## Data
=====

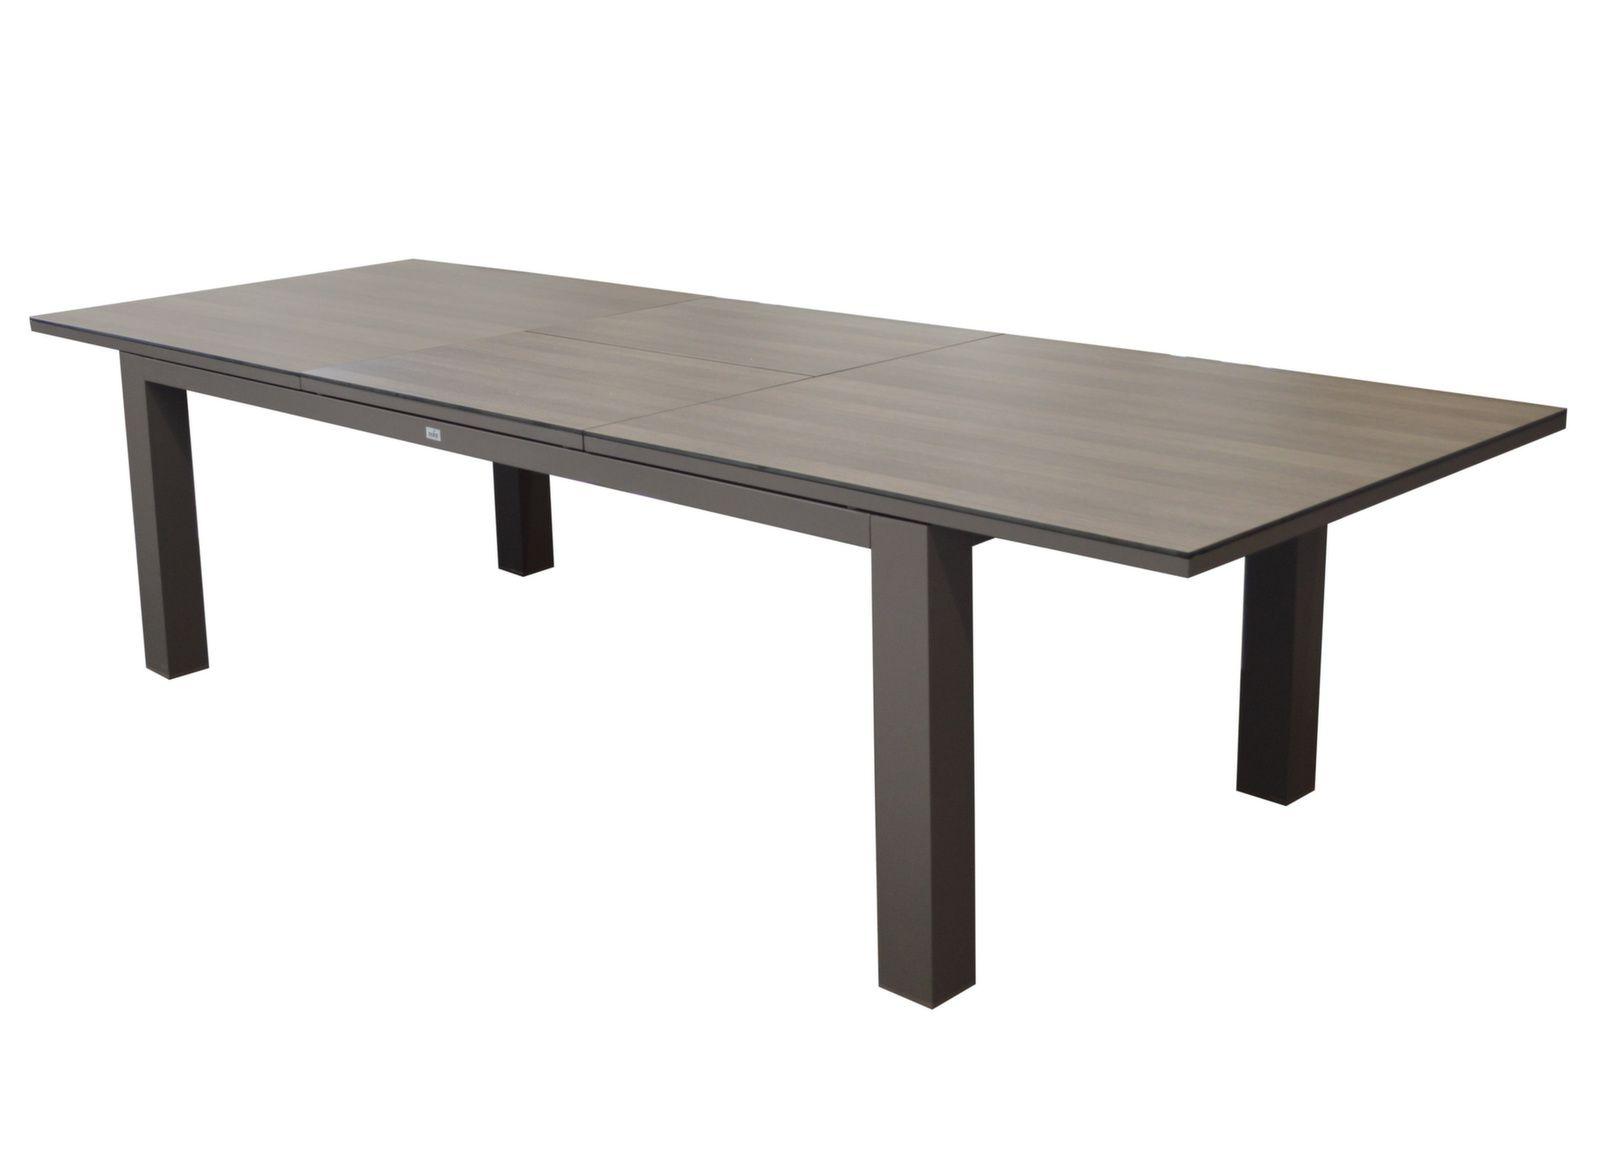 Table de jardin flo 180 240 cm plateau hpl gamme oc o for Plateau table 180
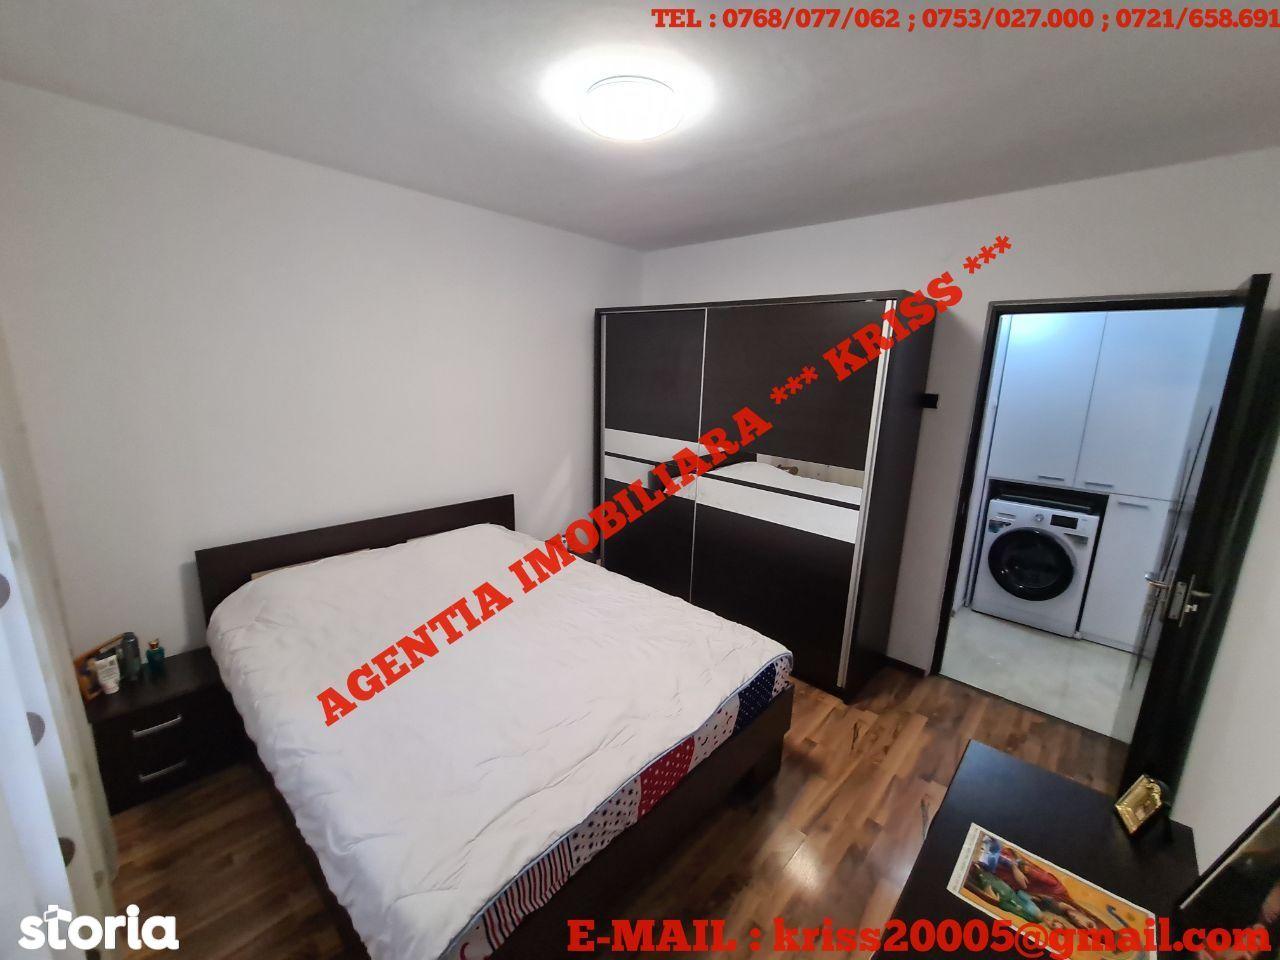 APARTAMENT 2 Camere CRAIOVEI Confort 1 Mobilat Și Utilat Centrală
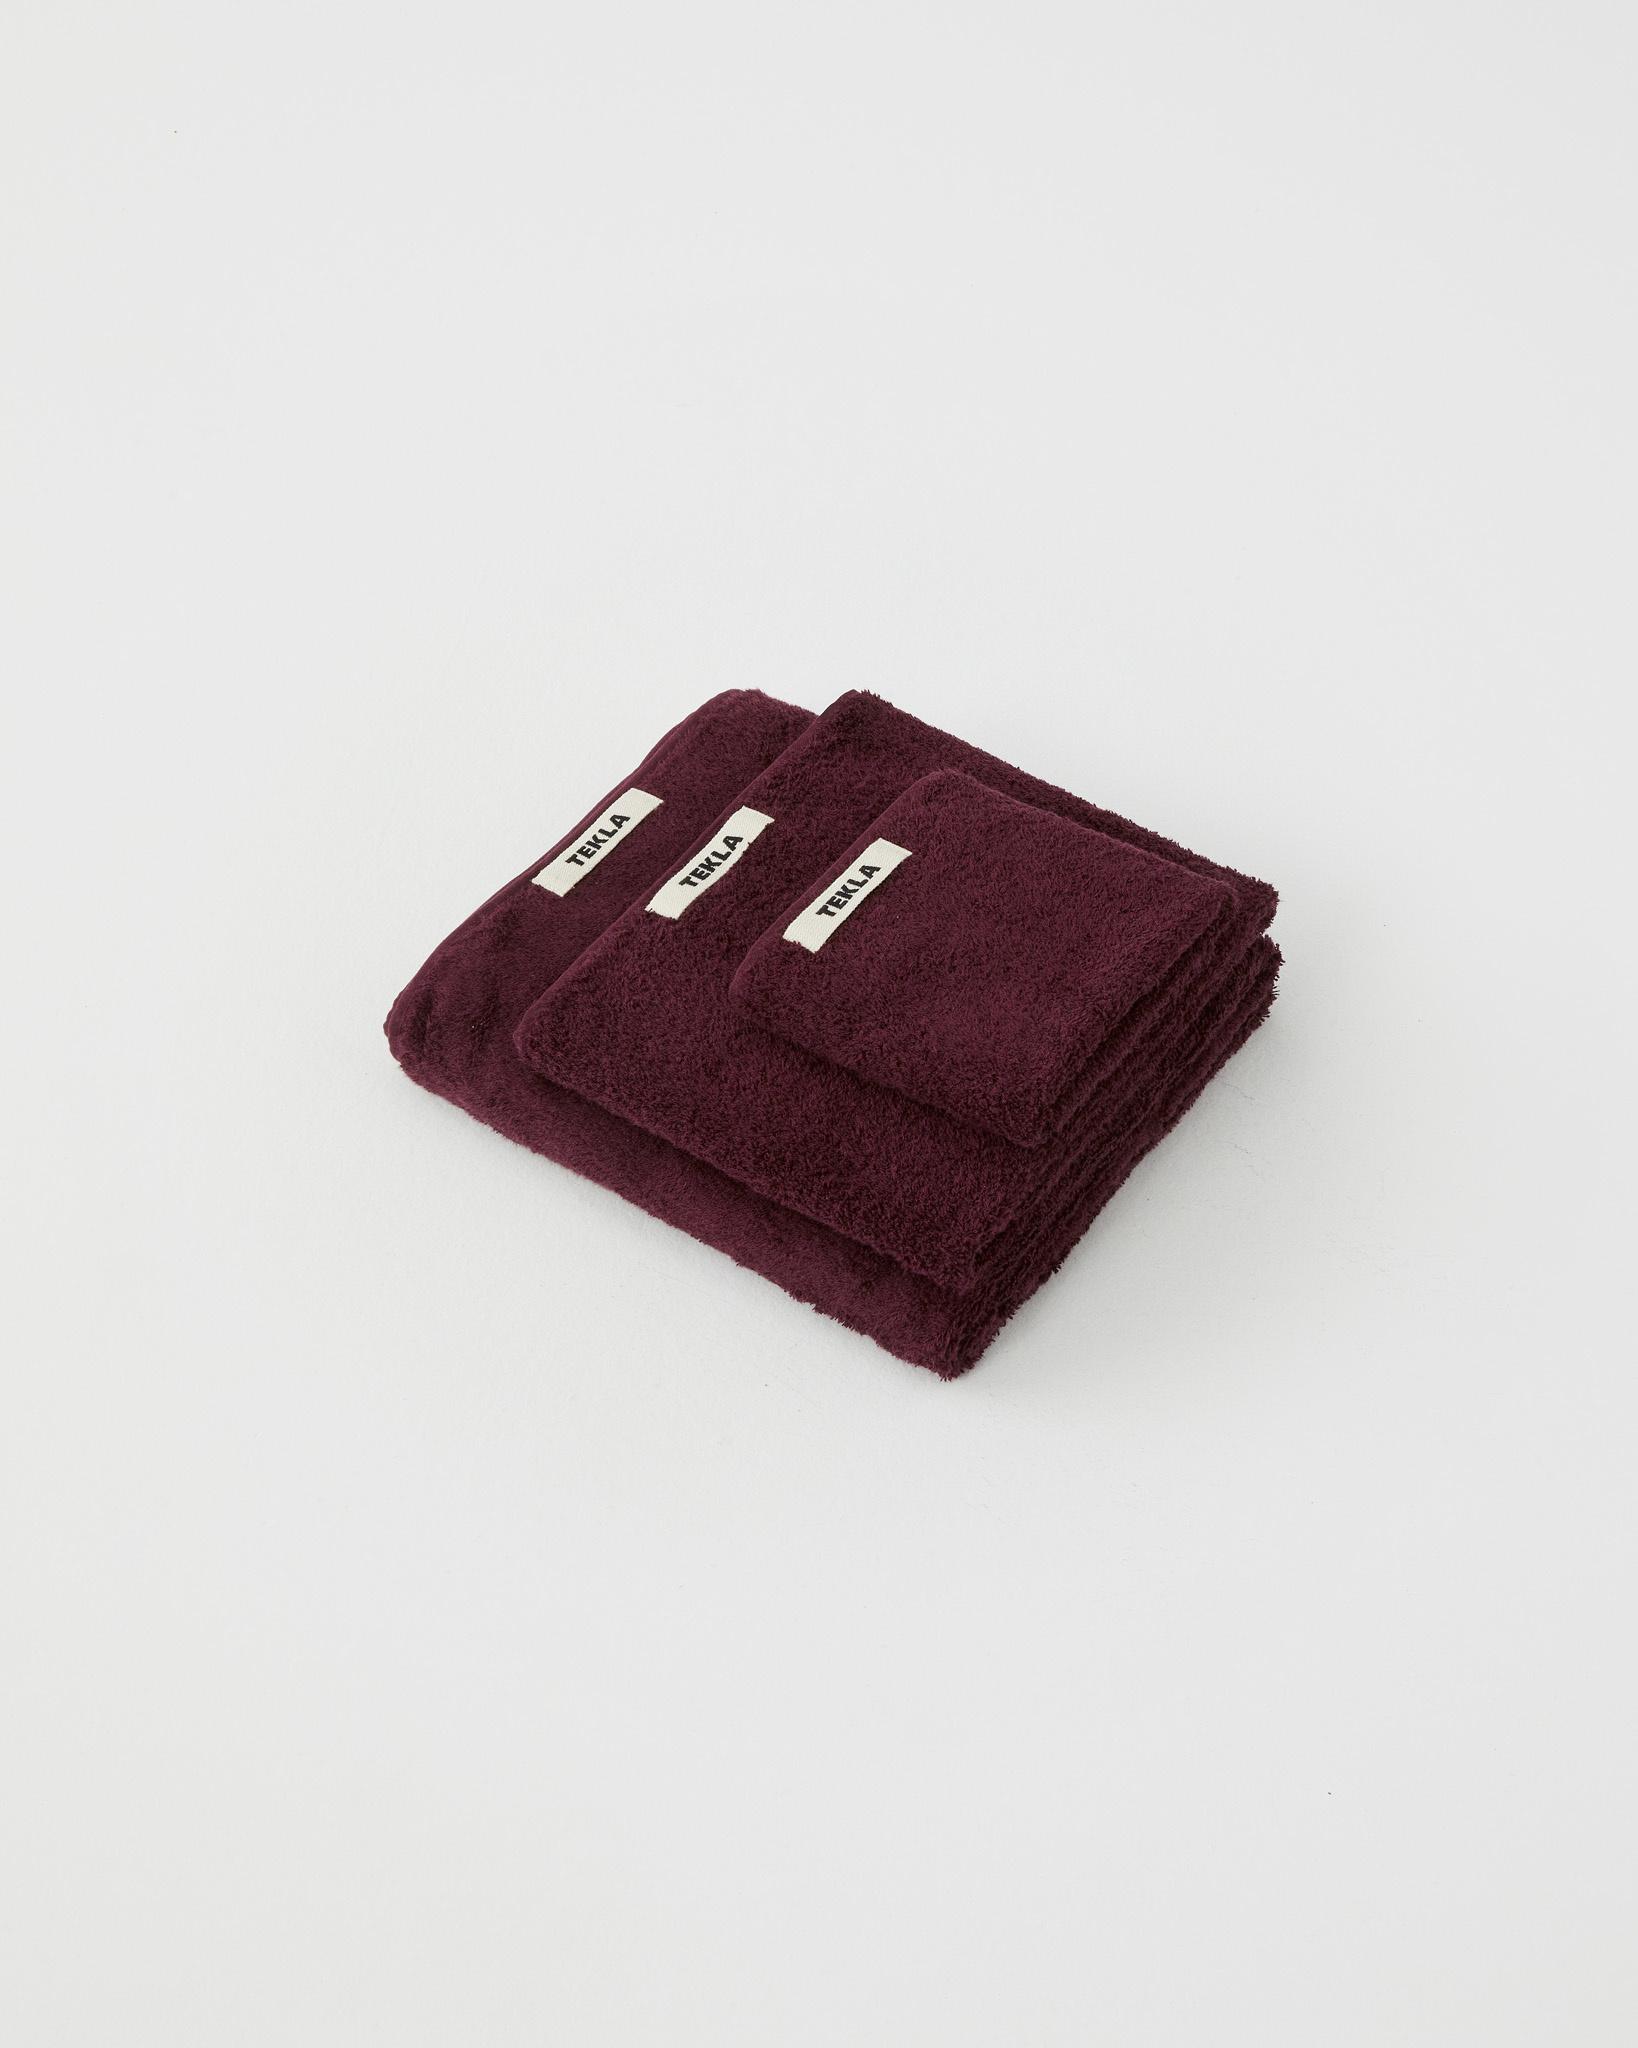 TEKLA Organic Bath Towel in Plum Red

=====

## Exercise prompt
Every line above should be copied exactly, apart from any pictures.

## Task output
 Table de jardin flo 180 240 cm plateau hpl gamme oc o for Plateau table 180
 APARTAMENT 2 Camere CRAIOVEI Confort 1 Mobilat Și Utilat Centrală
 TEKLA Organic Bath Towel in Plum Red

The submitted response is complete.